Но однажды примчались в пески всадники и сказали, что белые рубахи — русские солдаты — придут и заберут всех мужчин и увезут за море на войну. Многие племена взялись тогда за оружие.
Ветер — иолдаш — заносит следы, время слепит глаза, но помню я черный караван, идущий через пески. Никогда такой караван не проходил у Бугров, он ушел, чтобы больше никуда не вернуться.
Ты слышал, наверное, что за Узбоем есть мертвые аулы? Нет, не слышал. Там никто больше не живет, и туда больше не ведут тропы. Нам говорили, что у вас теперь власть взяли другие люди. Много времени прошло с тех дней.
А было так: из реки Гюргена текла красная вода. Туркмены, сеющие траву, перебили начальников. Многие пастухи также пошли вместе с ними. От аула к аулу, от колодца к колодцу собиралось большое войско и шло к берегам Гюргена. Чем больше селений оно проходило, тем становилось больше. С ним шли женщины и старики. Они говорили, что все время будут рядом с мужьями и сыновьями. Многие везли с собой кибитки. У войска были пороховые ружья, копья и кинжалы.
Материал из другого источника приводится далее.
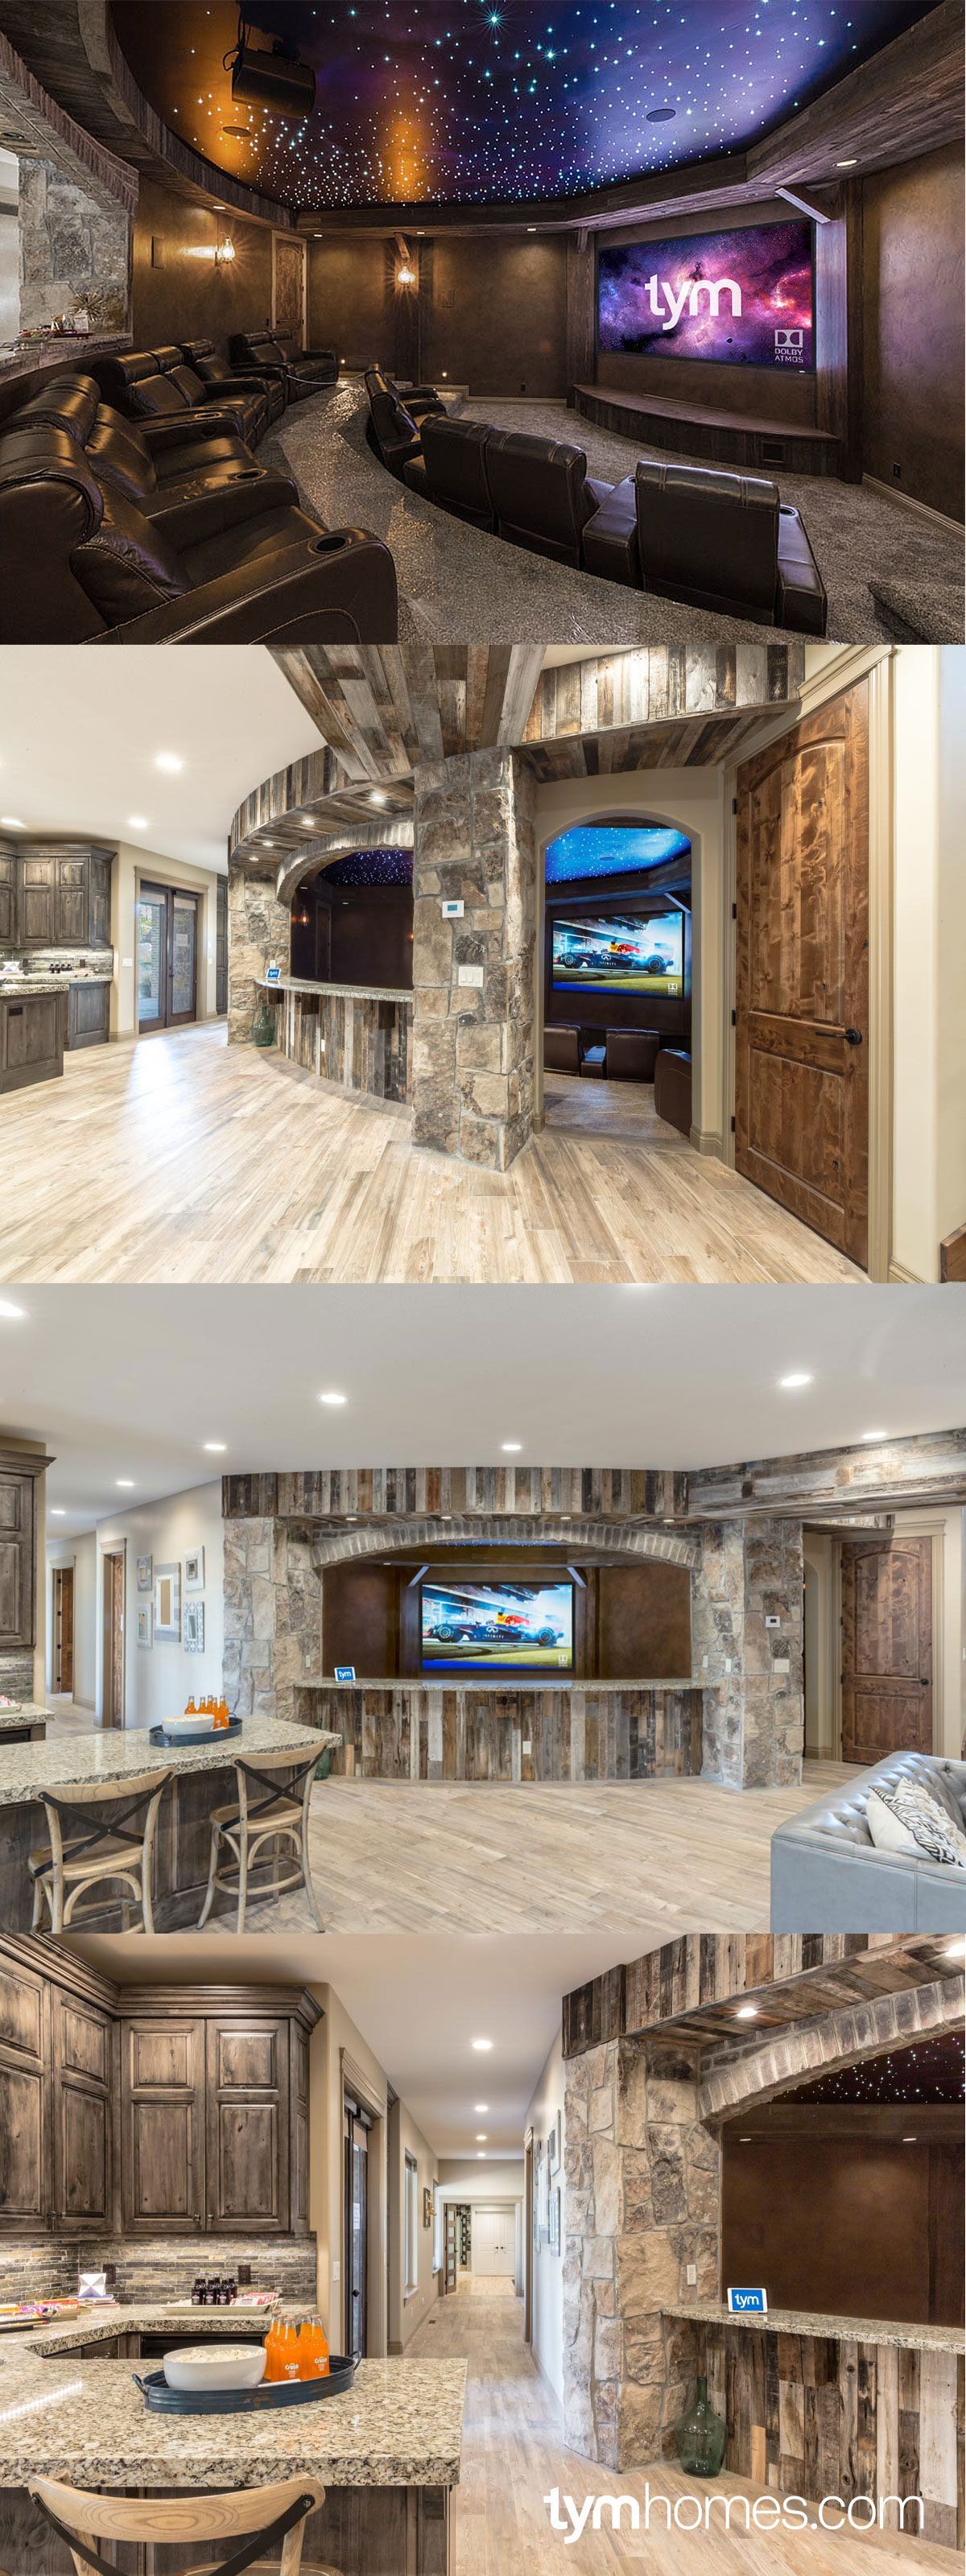 “People’s Choice Award” 2015 Salt Lake Parade of Homes. Home entertainment & automation control by TYM. Featuring #SavantSystems

И вот недалеко от берега моря, вблизи сухого озера Баба-Ходжа, показалось вражеское войско. Оно раскинулось на сто верст, оно стояло в белых кибитках, и ружья их блестели под солнцем, а ржание их лошадей было слышно за два перехода.
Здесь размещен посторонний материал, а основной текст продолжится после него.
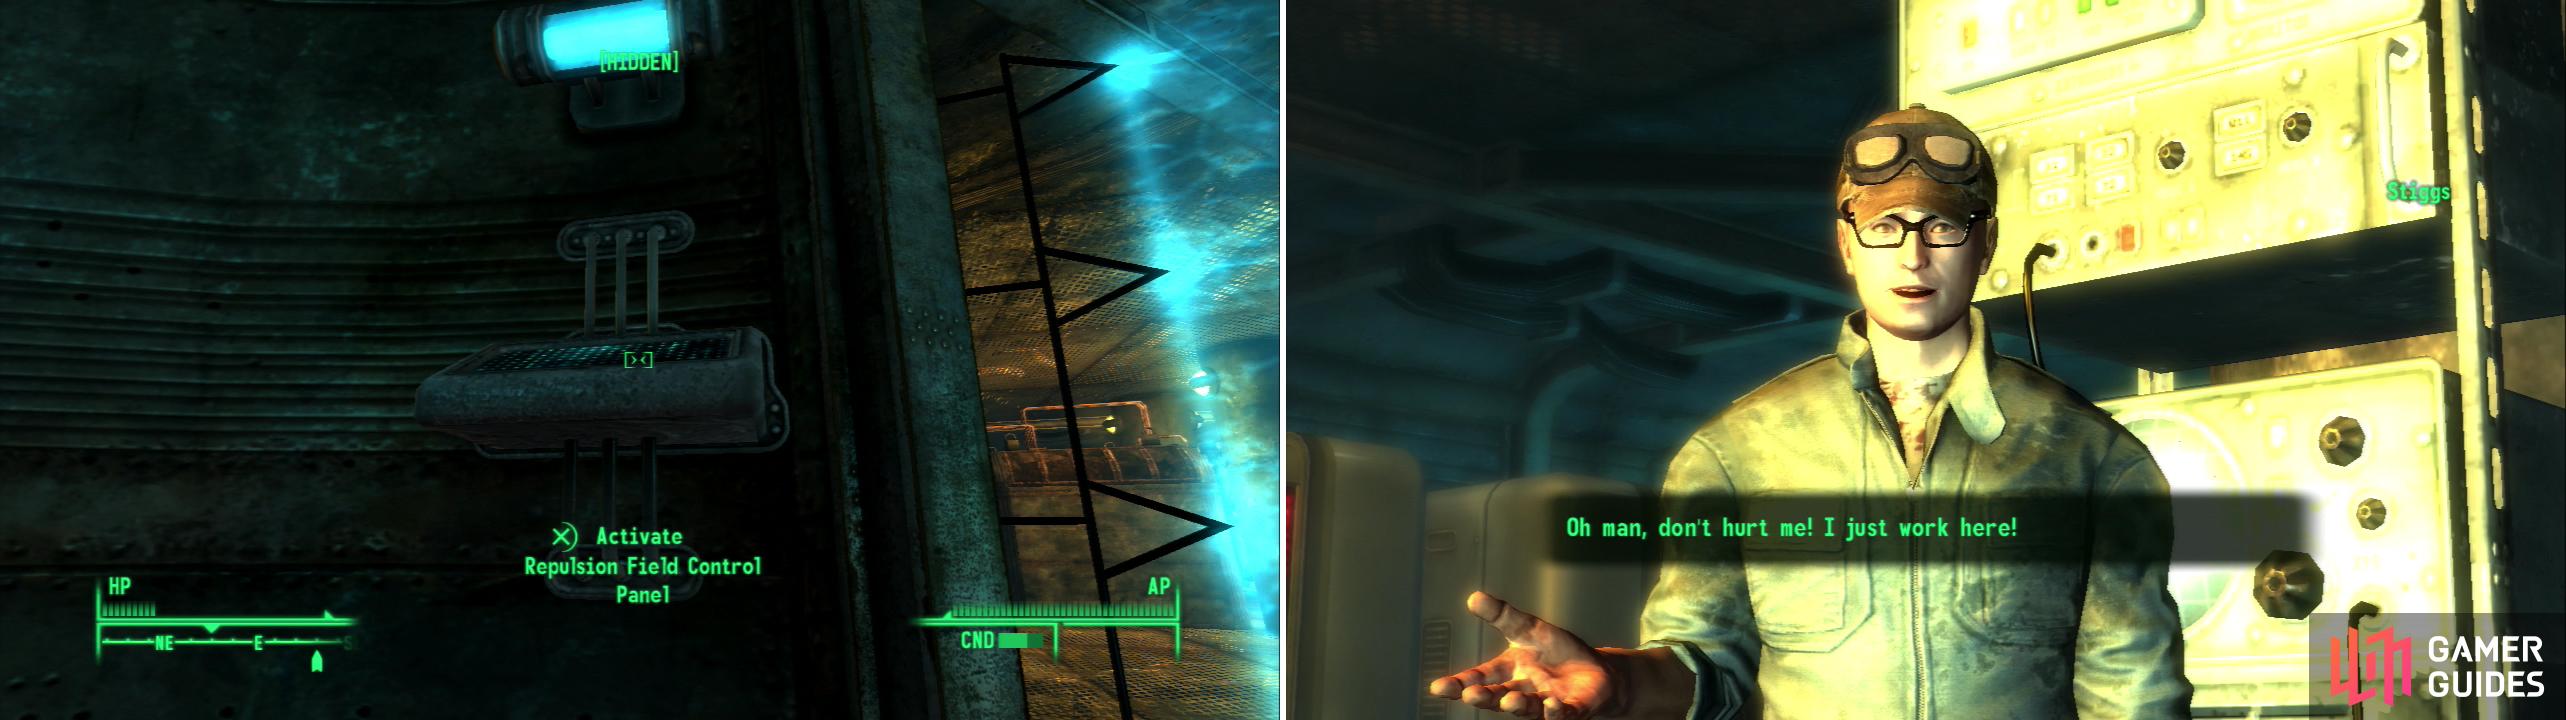 Navigating the Mobile Crawler will be easier if you have a high Science score, thanks to the Repulsion fields scattered about (left). Stiggs works for the Enclave against his will-if you have the Robotics Expert perk, he’ll pass on some useful information (right).

Тогда остановились караваны. Некоторые аксакалы уговаривали пойти и смириться. Они говорили: «Большие ханы — наши начальники. Какой безумец осмелится выступить против их силы?»
Но этих аксакалов не слушали, потому что ишаны сказали: «Кого вы испугались? Армии грязных мышей, жалких воробьев, несчастных гяуров, пожирающих свиней. Они думают нас испугать кривыми пушками, похожими на грязную арбу для перевозки дохлых собак. Их войско состоит из трусливых сыновей вороны и поганого касаля — ящерицы; их ружья похожи на саксауловые палки, их сабли сделаны из бараньих ребер. Разве когда-нибудь было время, чтобы огуз-ские племена боялись врагов?! Они не боялись Шайбани-хана и персидских ханов, и даже сам Тимур-Ленг — «железный хромец», покоритель Средней Азии,— однажды бежал от них в большом страхе. Вспомним великие времена наших отцов, прогоним чужеземцев и вытопчем их след на нашей земле...
Так говорили ишаны. Но долго раздумывать все равно никому не пришлось.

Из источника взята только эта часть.